As for Molly, I find her a flawed and complicated mess and I love her deeply.

Chicago TV station WGN and its best-known personality Bozo the Clown both figure in the plot of "Kittentits." Illustration by Madeline Deabler for the SHOUT.

EC: I found that the characters you created and the world you built have really stuck with me. I feel like I’ve been to the grounds of the 1992 Chicago World’s Fair and a fictional Dodge City wax museum — neither of which ever existed. Can you tell me a little bit about how you built your fictional world and why you make the choices you did? 

HW: I'm so glad it stuck with you! If anything sticks with readers, it's no doubt because the book was stuck in my own head for so long. I started it in 2009 and worked on and off in spurts, sometimes taking years off in between. When something lives in your head that long it gets all kinds of time to marinate and becomes increasingly layered as new ideas show up on their own in the regular flow of life. If you give a draft enough time, you'll see patterns and connections you hadn't noticed before that you can then go back and exploit. 
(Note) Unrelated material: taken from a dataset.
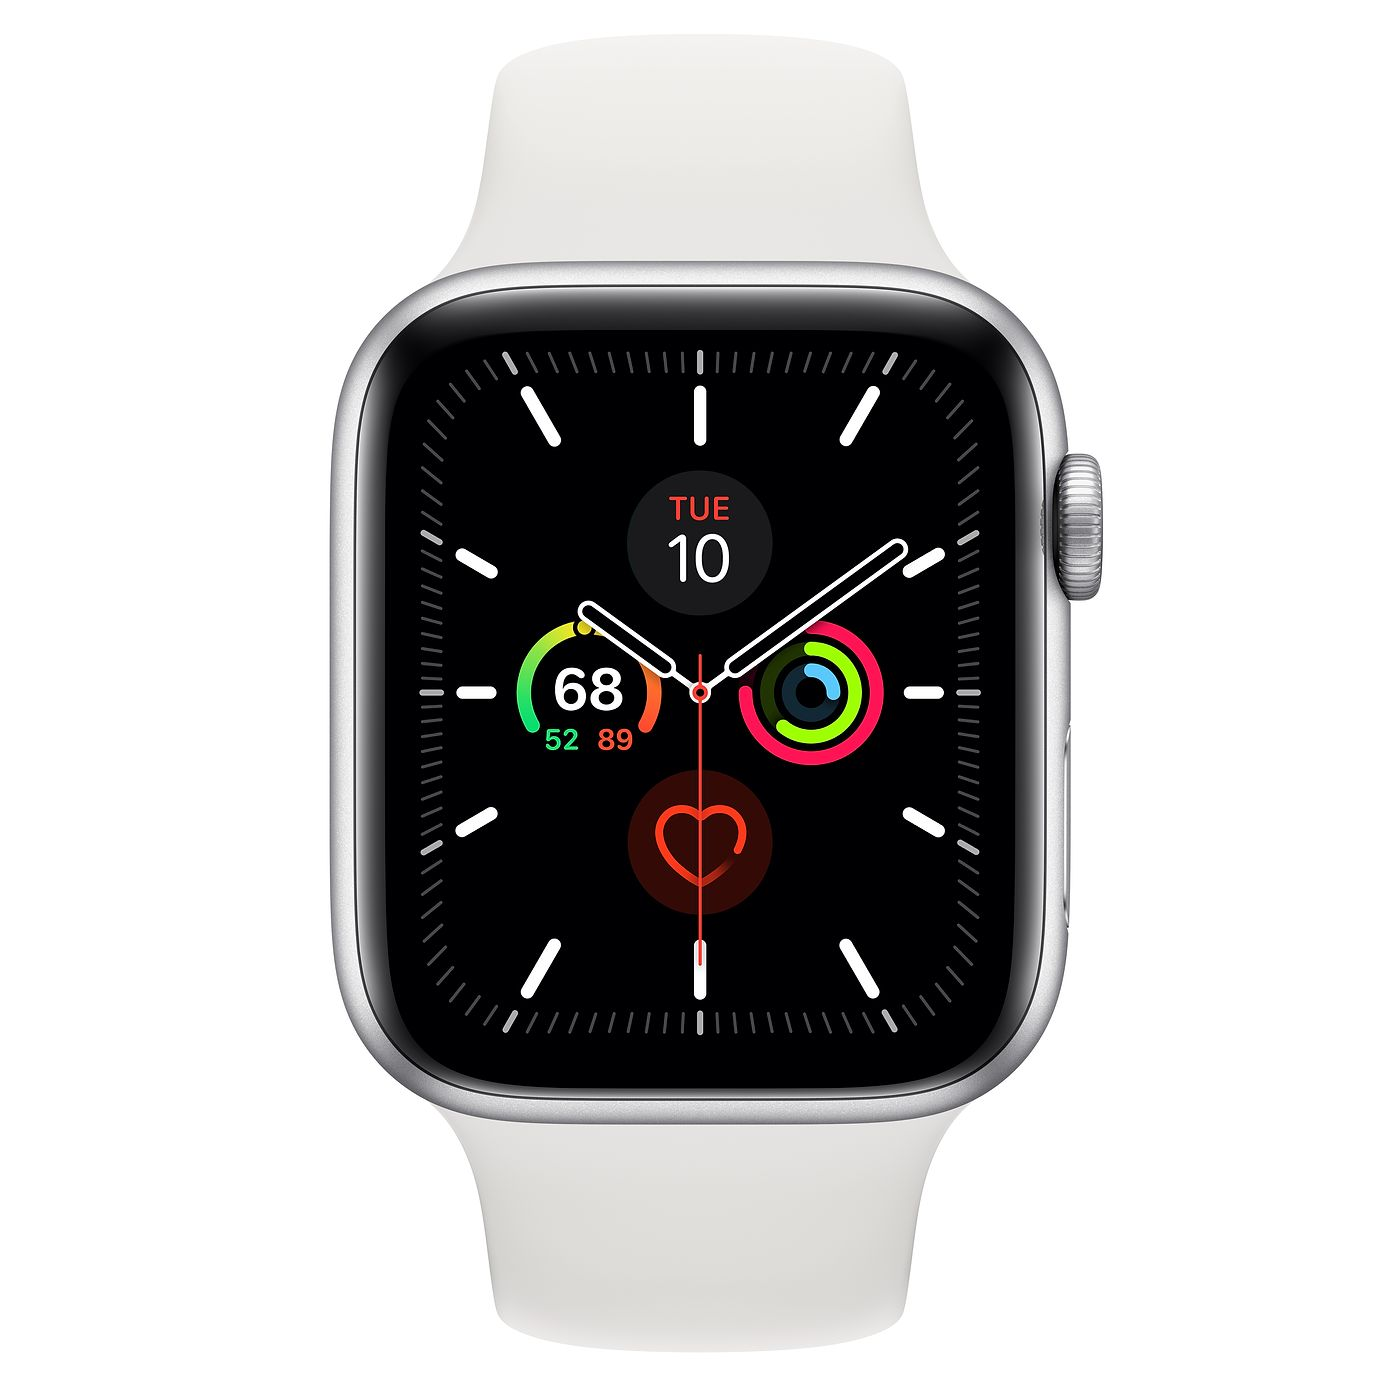 thumbnail 7 - Apple Watch Series 5 (GPS + Cellular) 44mm Smartwatch

Things that surprise tend to stick, too, so I try to work in a way that enables surprises. For example, at one point I was stuck and needed some device to get the plot moving, so I gave one of the characters a mysterious black box with no idea whatsoever what was inside. Maybe a year later I finally figured out what was inside the box, just an image I thought would be interesting, and then, working backward from the image, I figured out a backstory for her character (she grew up in a wax museum!) that could make the object make sense. Then you do some minor research on wax museums and write the new backstory, then sew it into the draft, which can be tedious, but it's the best way I know to keep things genuinely surprising (and therefore memorable) for the reader. I'm not necessarily advocating for this process, as it took me way longer to finish this book than I would have liked! But I do think it has its benefits. 


Holly Wilson’s work has appeared in Narrative, Redivider, Northwest Review, Short Story, New Stories from the South, and elsewhere. She was a Kingsbury Fellow at Florida State, where she received a Ph.D. in creative writing. She grew up in Kansas and currently makes her home in Fort Atkinson, Wisconsin, where she lives with her son. She’s an associate professor of creative writing at the University of Wisconsin-Whitewater.

Emily Christensen is a freelance journalist and news entrepreneur based in Wichita, Kansas. She is one of the co-founders of the SHOUT.